── Input data ──
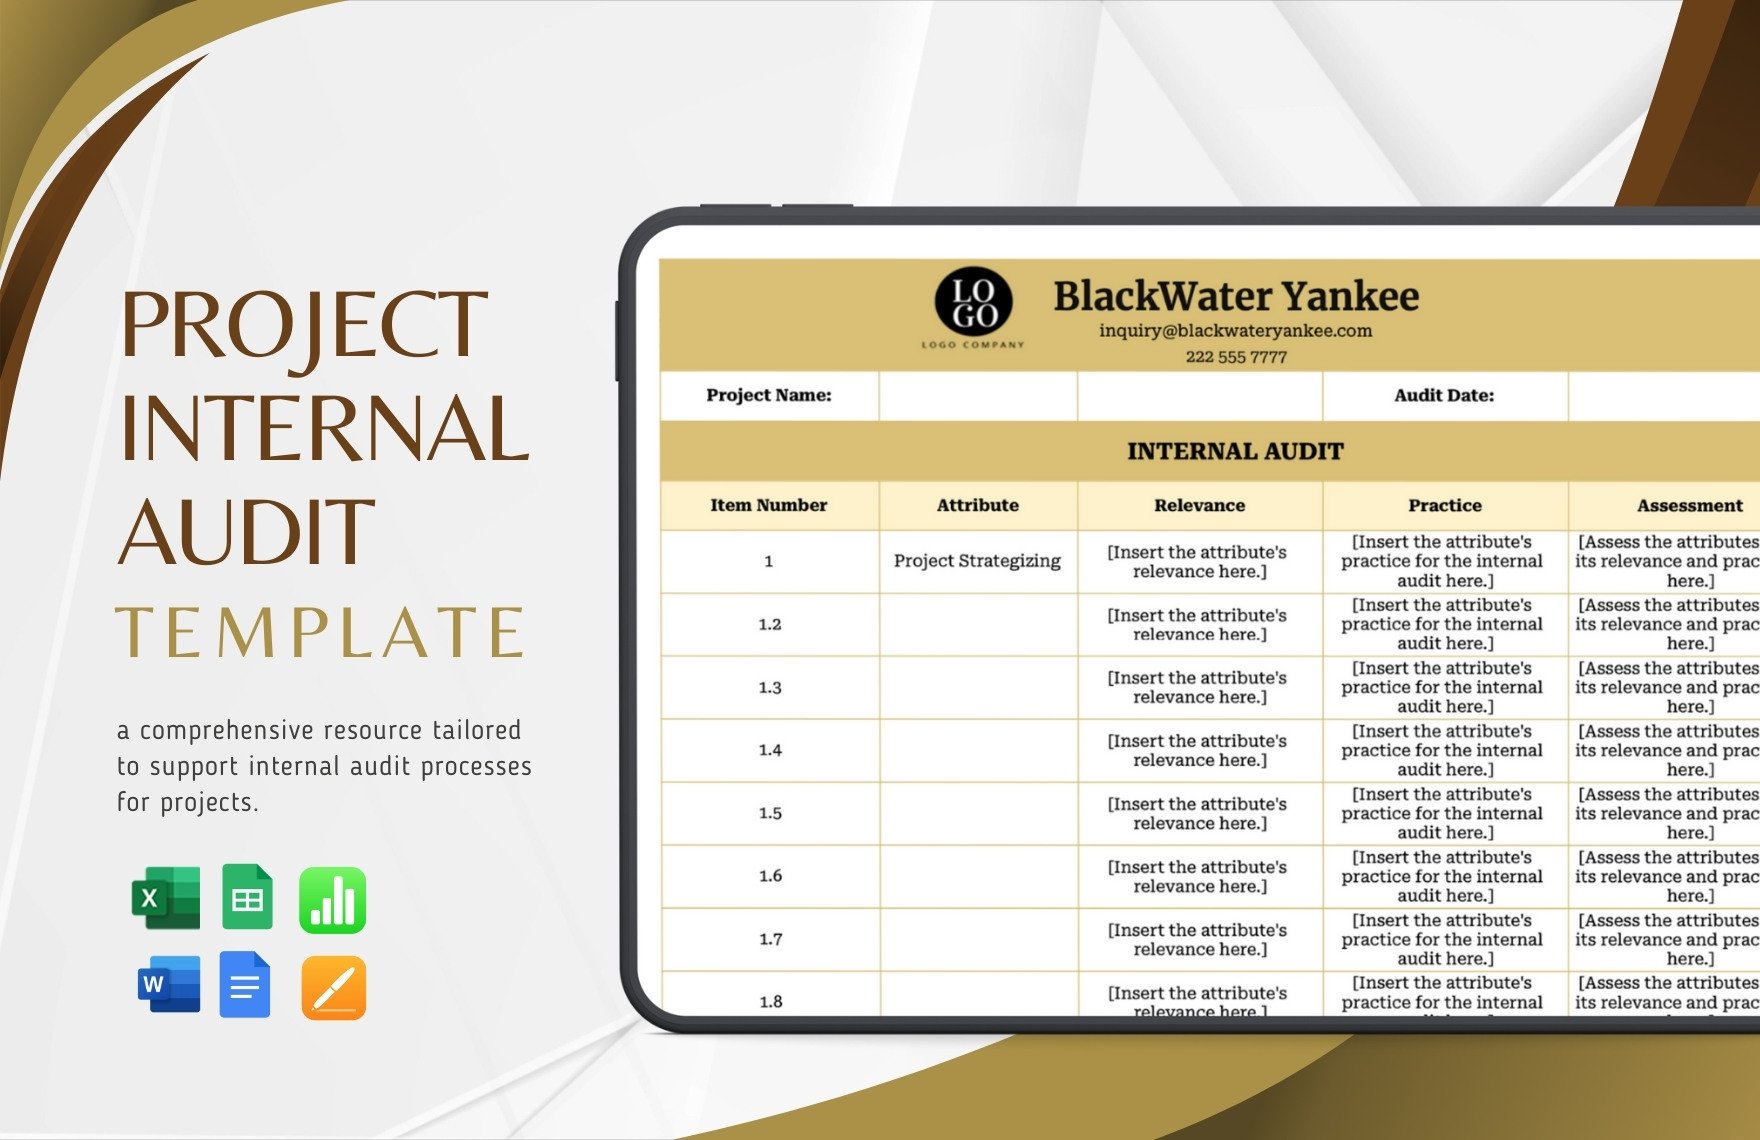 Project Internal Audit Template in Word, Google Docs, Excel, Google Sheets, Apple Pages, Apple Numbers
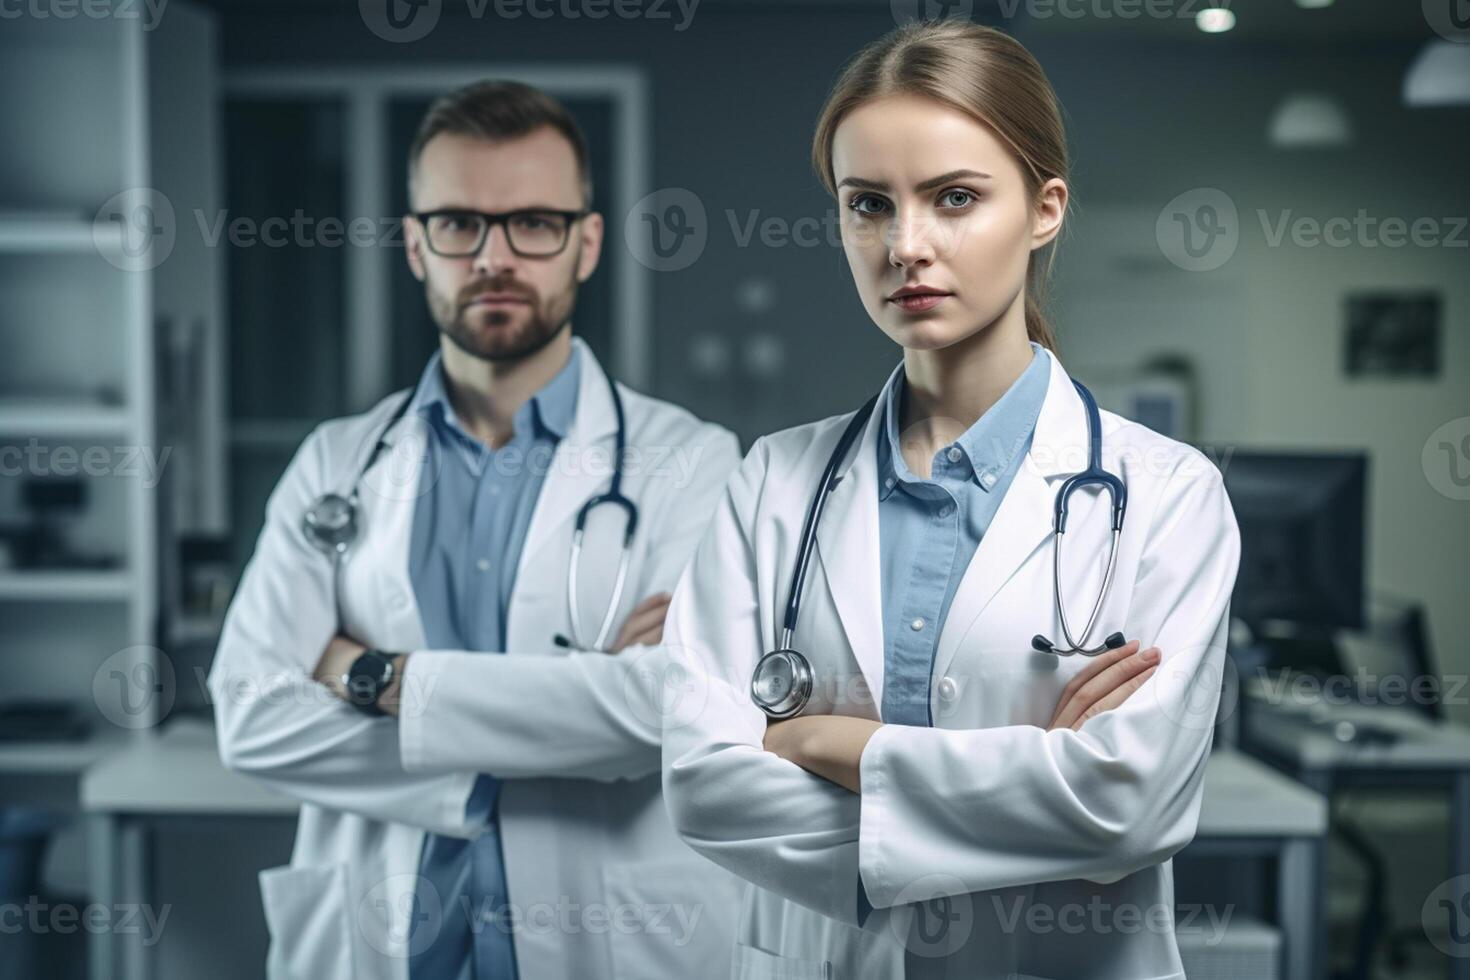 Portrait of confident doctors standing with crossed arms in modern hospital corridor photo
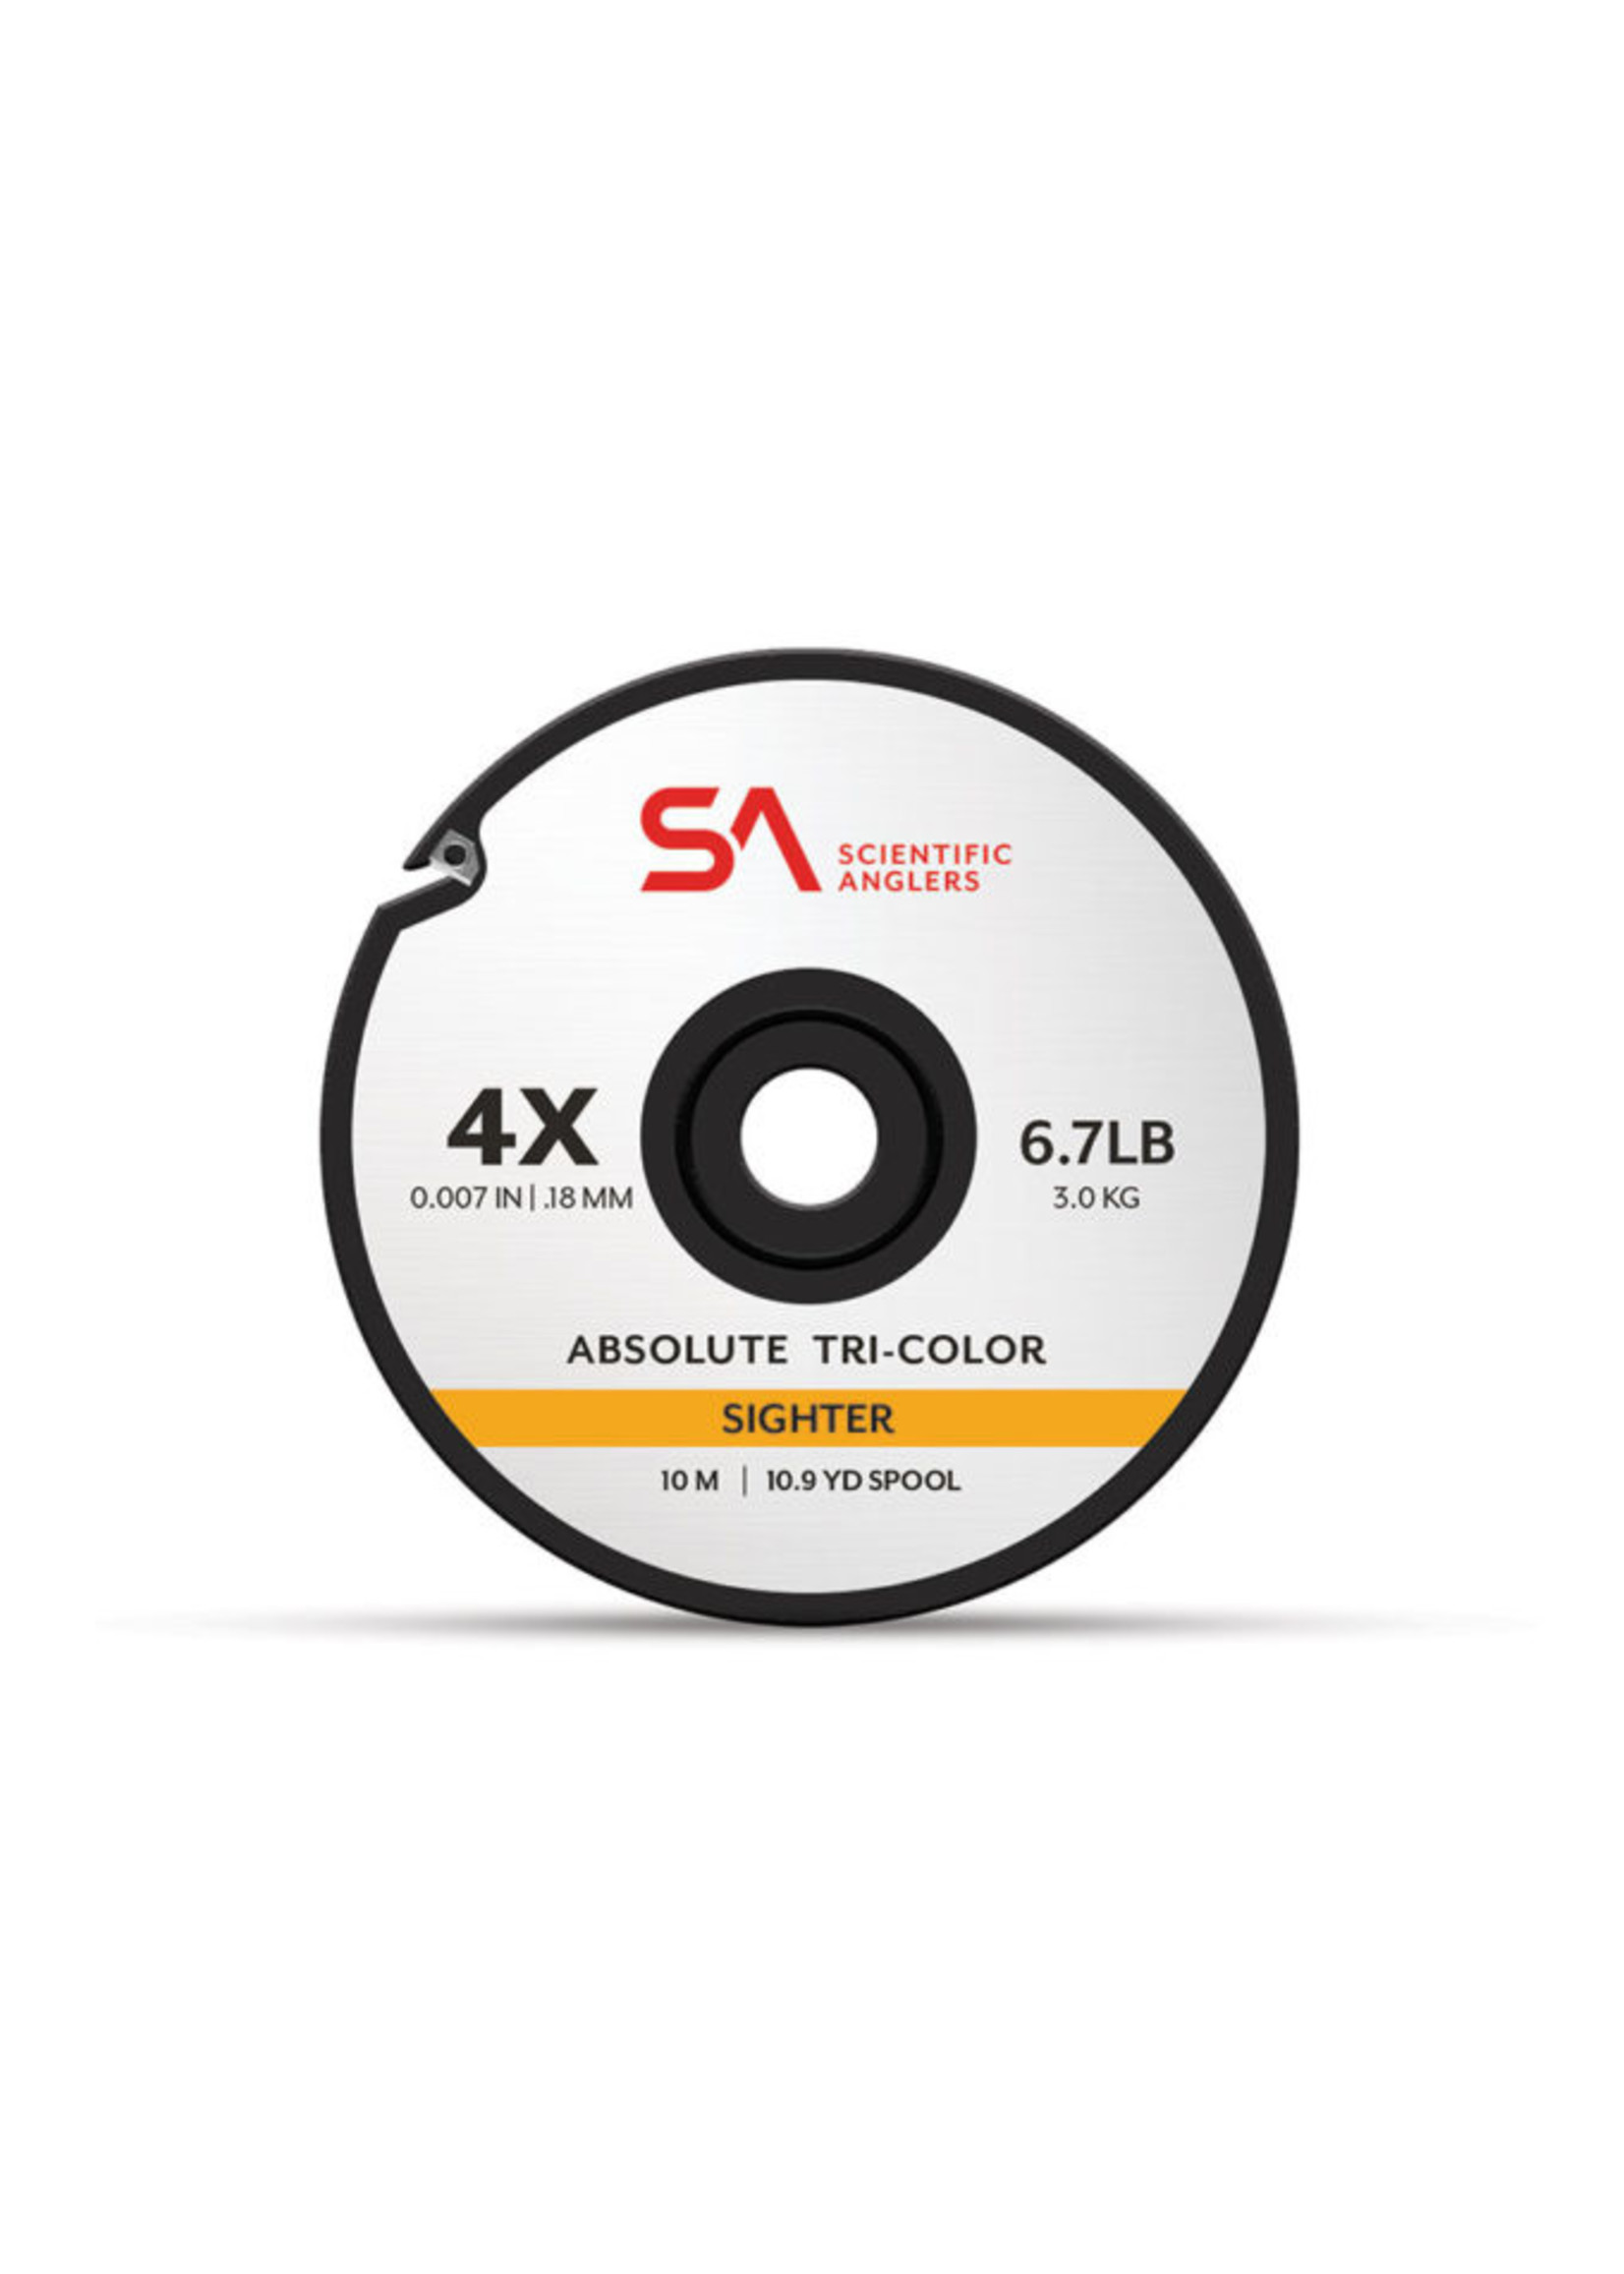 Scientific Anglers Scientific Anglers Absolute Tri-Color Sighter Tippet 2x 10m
───
— What you should do —
Output only the lines from the line that contains "Portrait of confident" through the end of the material, both ends included, and skip every picture.

— Written response —
 Portrait of confident doctors standing with crossed arms in modern hospital corridor photo
 Scientific Anglers Scientific Anglers Absolute Tri-Color Sighter Tippet 2x 10m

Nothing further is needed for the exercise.